We would have liked to know whether Ms. Groce would change anything in the proposal devised by the subcommittee, but, regrettably, the lack of a response from her leaves us in the dark.
Ms. Groce, however, soon may get another opportunity to reveal her views on the questions we asked her. Interim City Manager Nancy Bronstein told us that staff intends to present a report at the November 1 Council meeting that contains “options and recommendations for police oversight.” The report will be published on October 20, 18 days before the election, so Ms. Groce will have plenty of time to comment, if she chooses to do so. (We also should note that, on her campaign website, Ms. Jensen criticizes the City for “disregarding” the steering committee’s recommendations, including the call for a civilian oversight board, so she, too, might be inclined to react publicly to the staff report.)
We hope that our readers have found the foregoing useful. From our perspective, what a candidate says (or declines to say) about a specific issue important to him or her is far more illuminating than the claims made in the mailers the candidate (or a friendly PAC) sends out. We don’t purport to have provided a complete picture of Mr. Beusterien, Ms. Jensen, or Ms. Groce. But to those who’ve already decided to vote for Mr. Daysog or Mr. Oddie, their answers (or non‑answers) may make it a little easier to arrive at a rational choice for the second seat.
LinkedIn pages: https://www.linkedin.com/in/paulbeusterien/; https://www.linkedin.com/in/hannah-groce/; https://www.linkedin.com/in/tracyjensen2022/
Campaign websites: https://www.paulb4alameda.com/; https://www.tracyjensen2022.com/; https://www.hannah4alameda.com/
Here’s another question for Beusterien: does RCV exacerbate or limit or do nothing to the control special interest groups funding campaigns have on local elections, e.g., the the local fire union and our municipal elections. Does RCV weaken special interests influencing, controlling essentially, our local elections? If not, what can be done?
Theoretically, RCV would make it easier for a low-funded candidate to reach voters in the district at low cost, but it also makes it easier for special interests to cherry pick a district and pour in a lot of money to support or oppose a candidate.
My mistake. I was thinking of districting, not RCV. Don’t know how RCV would affect special interest contribution.
RCV weakens the influence of special interest groups. In a single-seat election, they’re no longer able to win with 20 or 30% of the votes, since RCV requires a majority. In multi-seat races, the special interest may still be able to get one seat with a minority of votes, but it’s much harder to win additional seats.

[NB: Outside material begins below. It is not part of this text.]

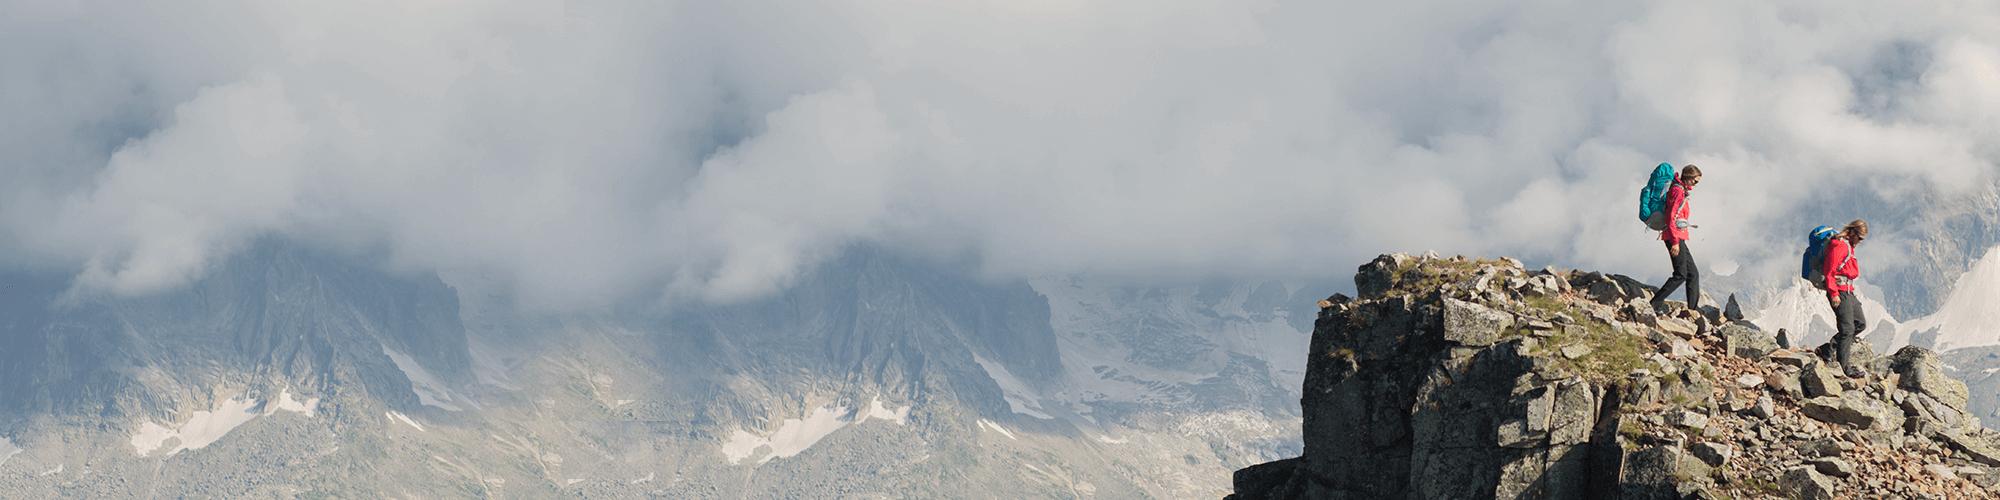 banner-categoria-trekking-hiking
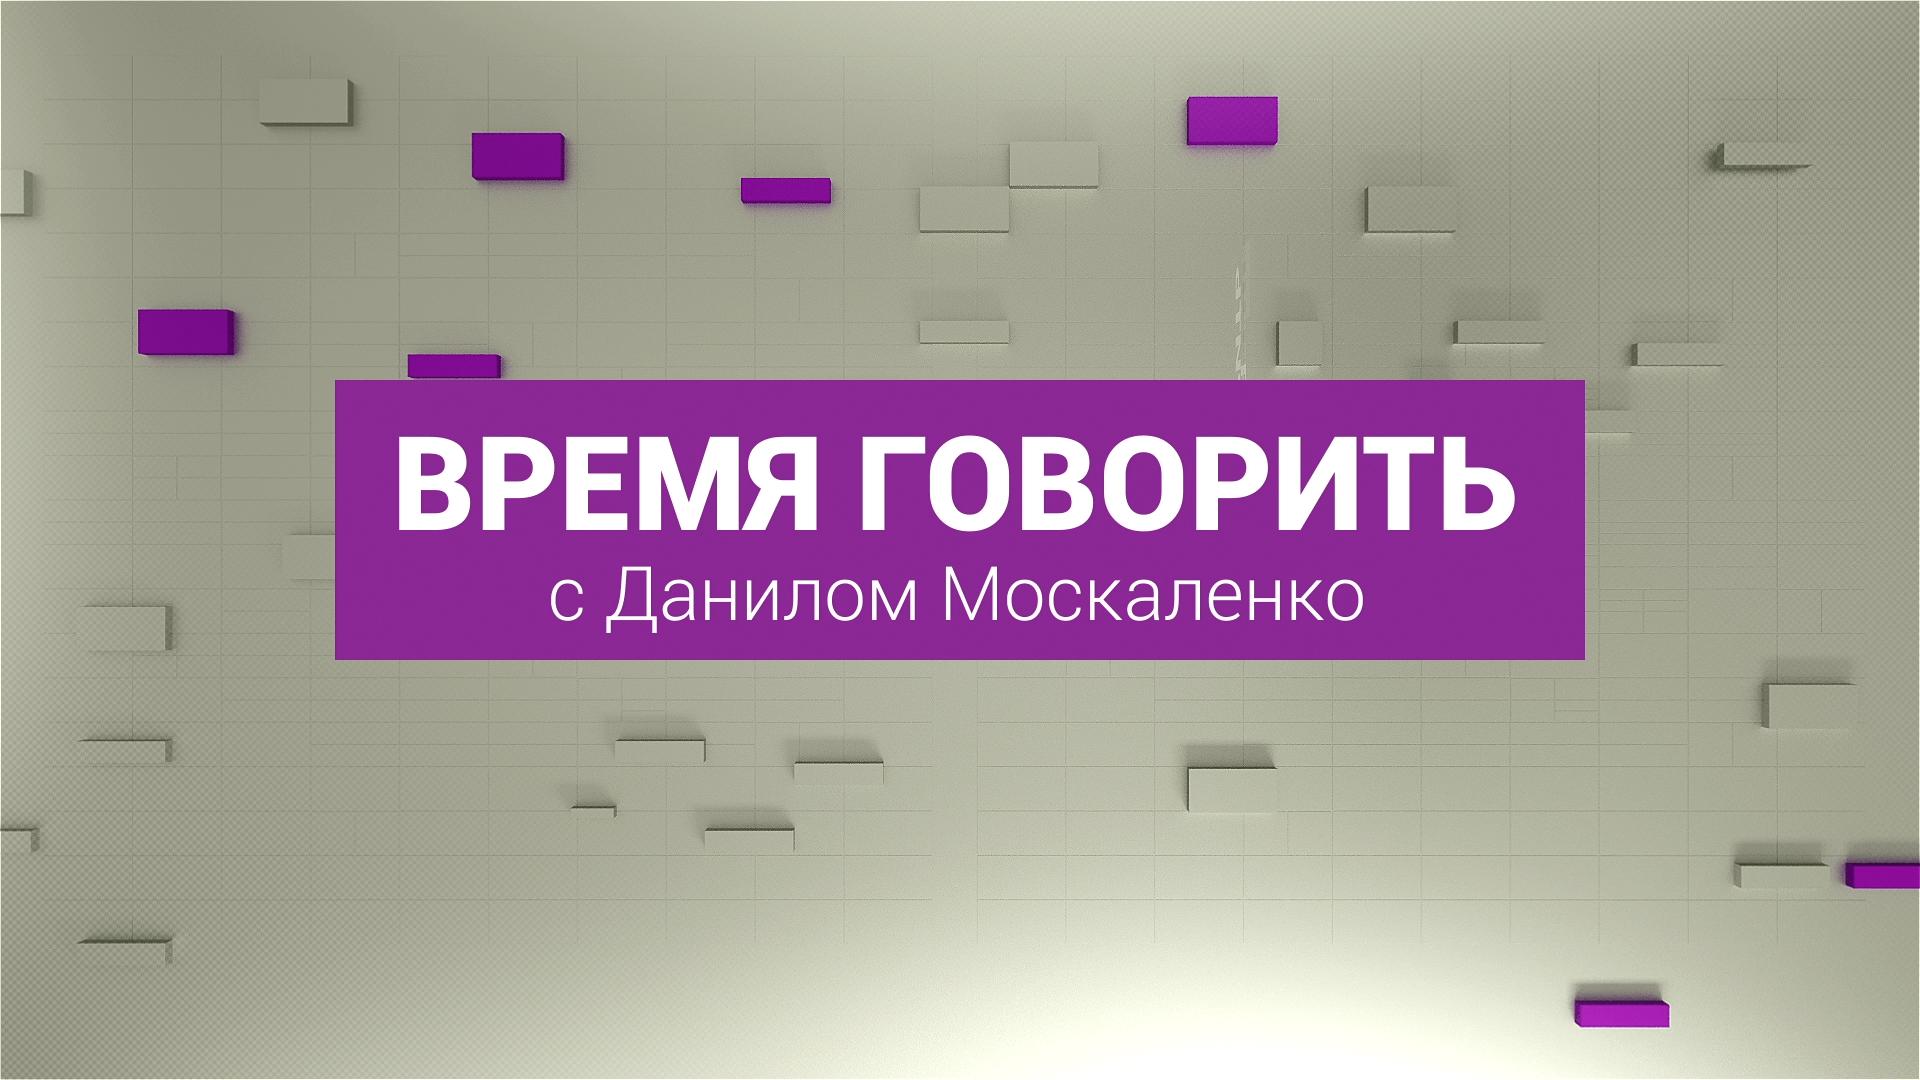 https://inbusiness.kz/ru/images/medium/9/images/pZOFoTsg.png

Another factor is that voters are likely to do more homework for their rankings, they may not be as easily swayed by the amount of mailers and the perception of inevitability. Voters can vote without the fear of “wasting” or “splitting” their votes and for their values and true preference. Also less-financed individuals are not afraid to run for office because the conditions are more favorable to building coalitions and issue-oriented campaigns.
Easy-to-read graphic summaries of campaign contributions to candidates for Council, Mayor and School Board are available at the League of Women Voters Alameda website at https://www.lwvalameda.org/alameda-campaign-finance-review.html. Also listed are loans to candidates and independent expenditures supporting or opposing their election.
This is good effort but seems very incomplete. “A Better Alameda” raised $20,000 to support Trish Spencer but this is not reported at all. This would make her campaign haul comparable to Ashcraft but you’re creating a totally different narrative, which is very atypical of LWV.
These numbers are based on the Sept 24 filings. They will be updated after the Oct 27 filings, and will include a list of all independent expenditures made to support or oppose candidates, very little of which was spent by Sept. 24.
I wish we had the ability to report these results in real time, but we don’t. We’d be happy to talk with anybody who thinks they can help us do it.